Find $\frac{dy}{dx}$ for $x^2=\frac{x-y}{x+y}$.
I have solved this in two ways.
First, I multiplicated the whole equation by $x+y$ and then I calculated the implicit derivative. I got the following solution:
$\frac{1-3x^2-2xy}{x^2+1}$
So far so good. When I calculated the implicit derivative of the original expression using the quotient rule though, I got a different solution, i.e.:
$-\frac{x(y+x)^2-y}{x}$
I have tried using Wolfram and I got the same results.
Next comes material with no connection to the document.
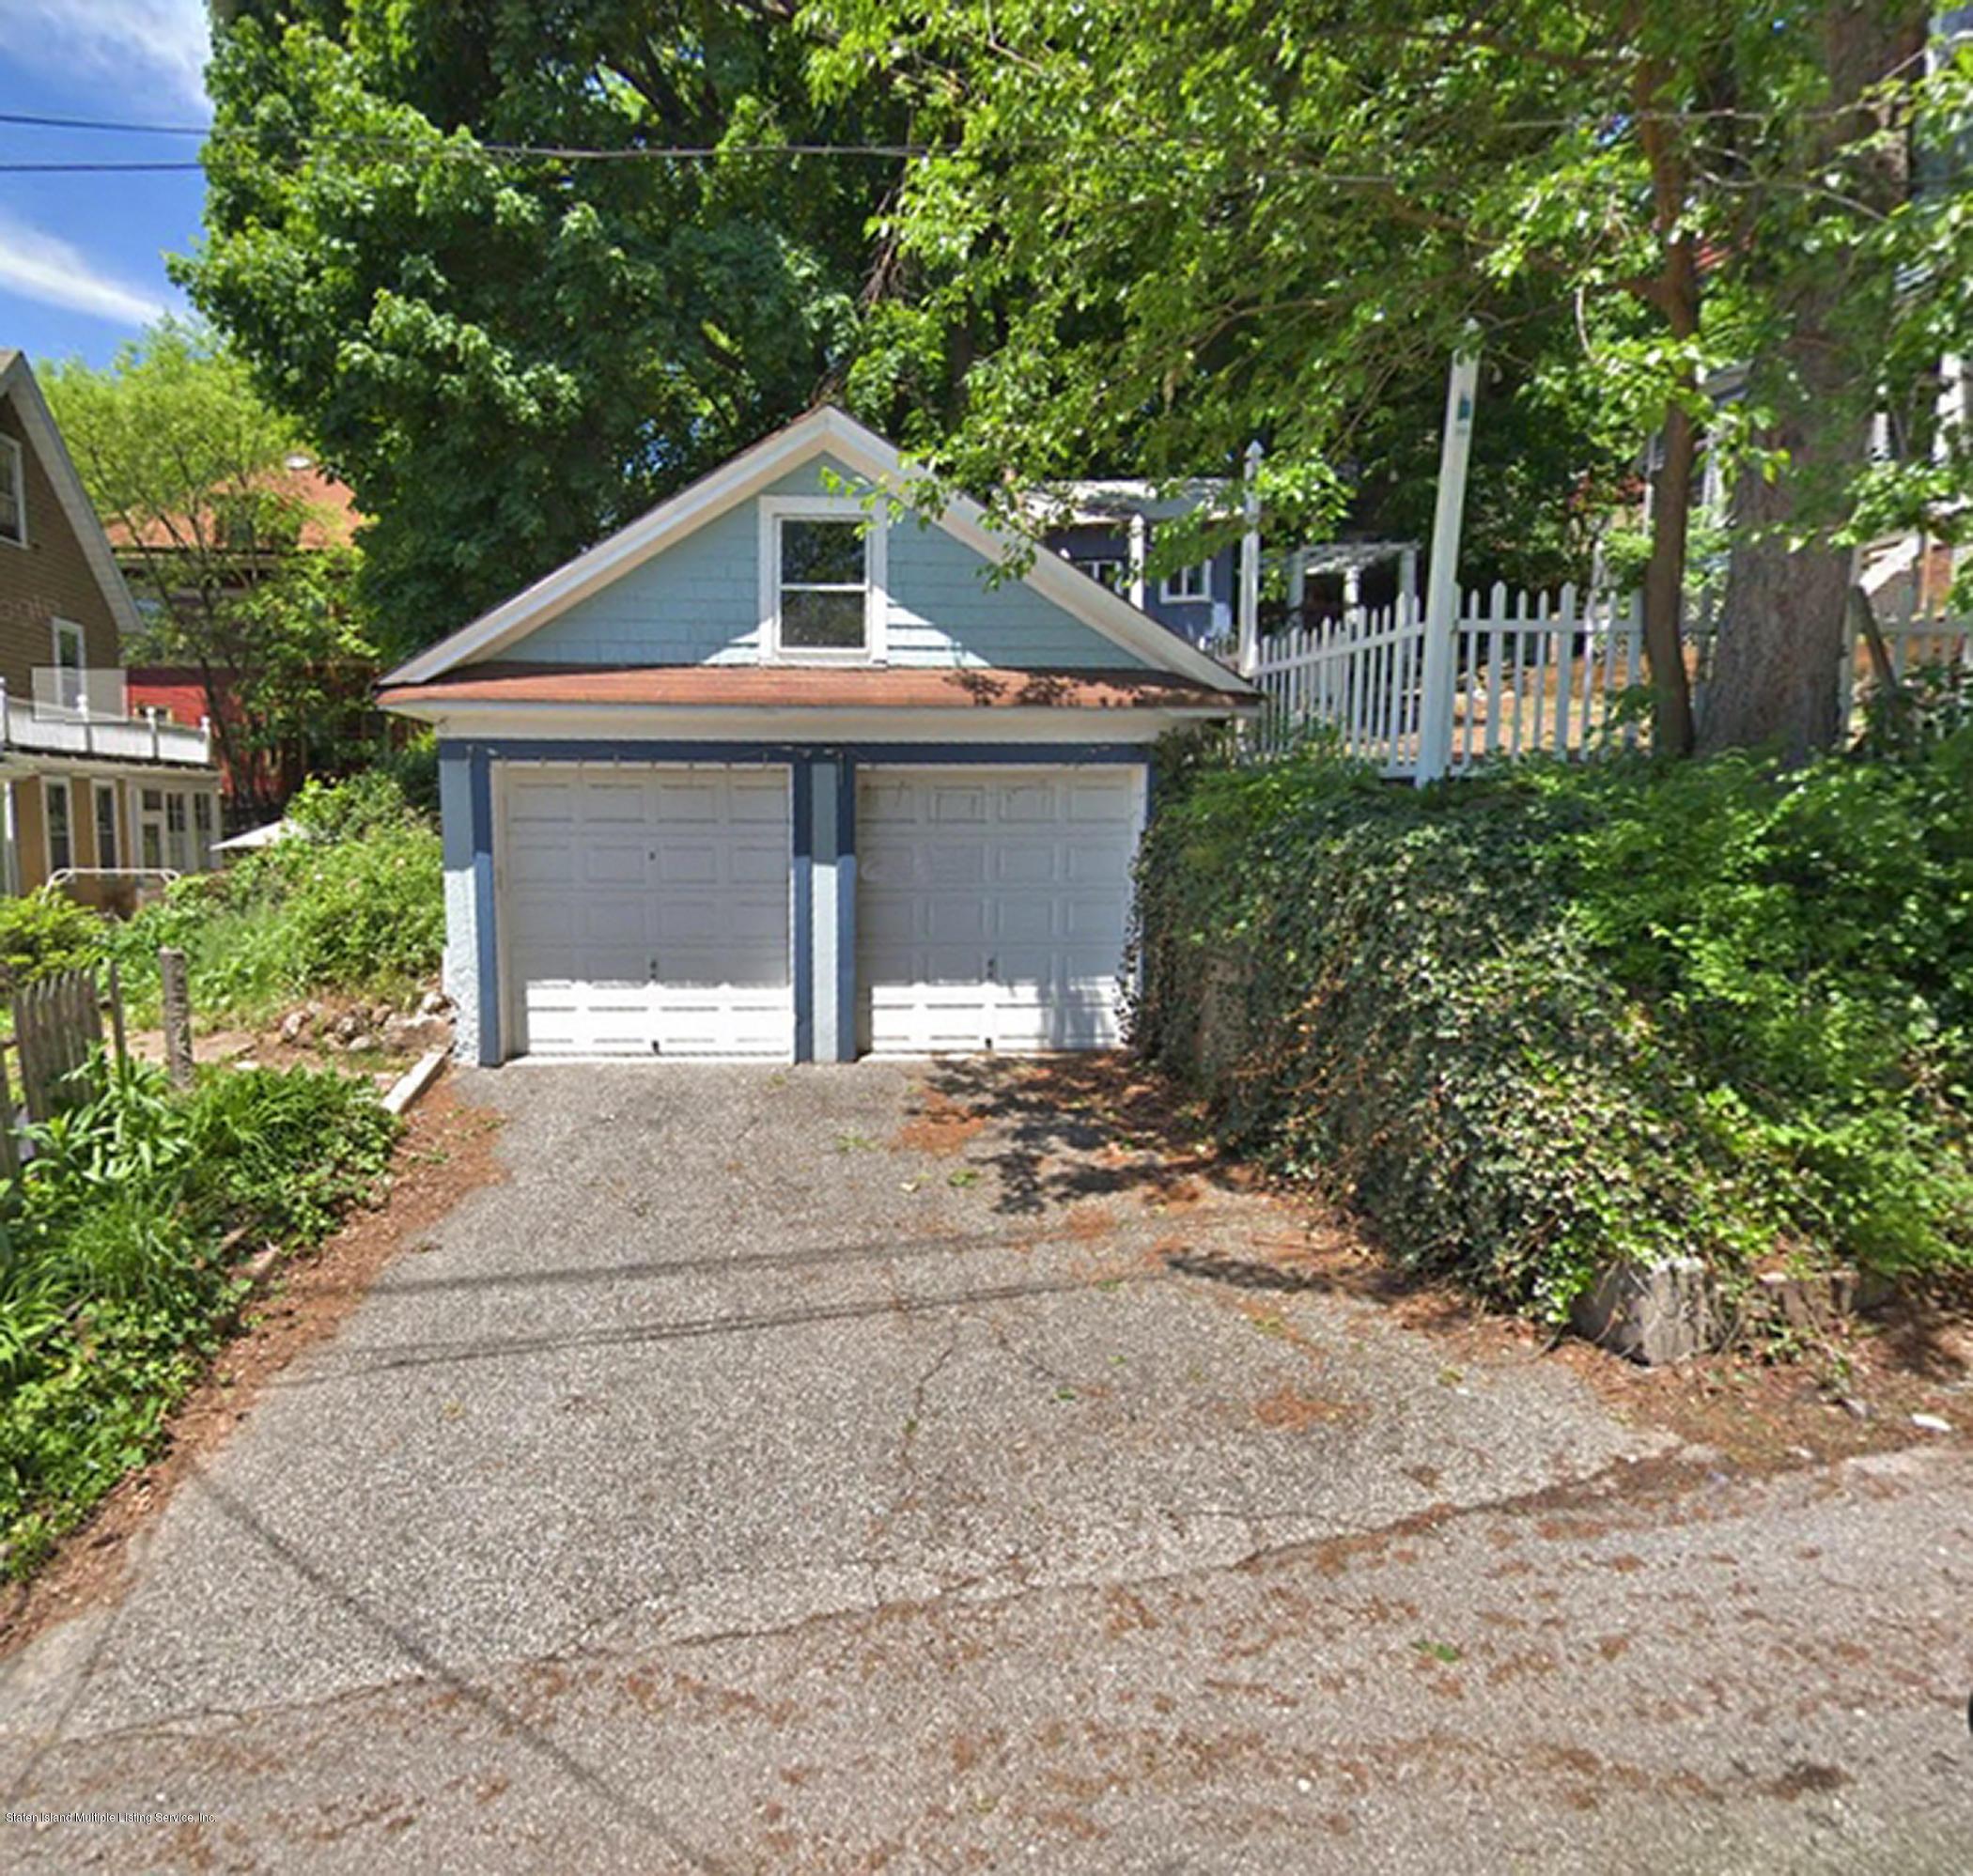 Two Family - Detached 175 Cebra Avenue  Staten Island, NY 10304, MLS-1140817-17

Can anyone explain to me why I get different solutions ?
Best Answer
The two solutions that you found are equal. So where is no contradiction.
Note that solving $\quad x^2=\frac{x-y}{x+y}\quad$ for $y$ gives $\quad y=x\frac{1-x^2}{1+x^2}$
Your first solution : $$\frac{1-3x^2-2xy}{x^2+1} =\frac{1-3x^2-2x\left(x\frac{1-x^2}{1+x^2} \right)}{x^2+1} = \frac{1-4x^2-x^4}{(1+x^2)^2}$$
Your second solution : $$-(x+y)^2+\frac{y}{x}=-\left(x+x\frac{1-x^2}{1+x^2}\right)^2+\frac{1}{x}\left(x\frac{1-x^2}{1+x^2}\right)=\frac{1-4x^2-x^4}{(1+x^2)^2}$$ Thus $$\frac{1-3x^2-2xy}{x^2+1}=-(x+y)^2+\frac{y}{x}$$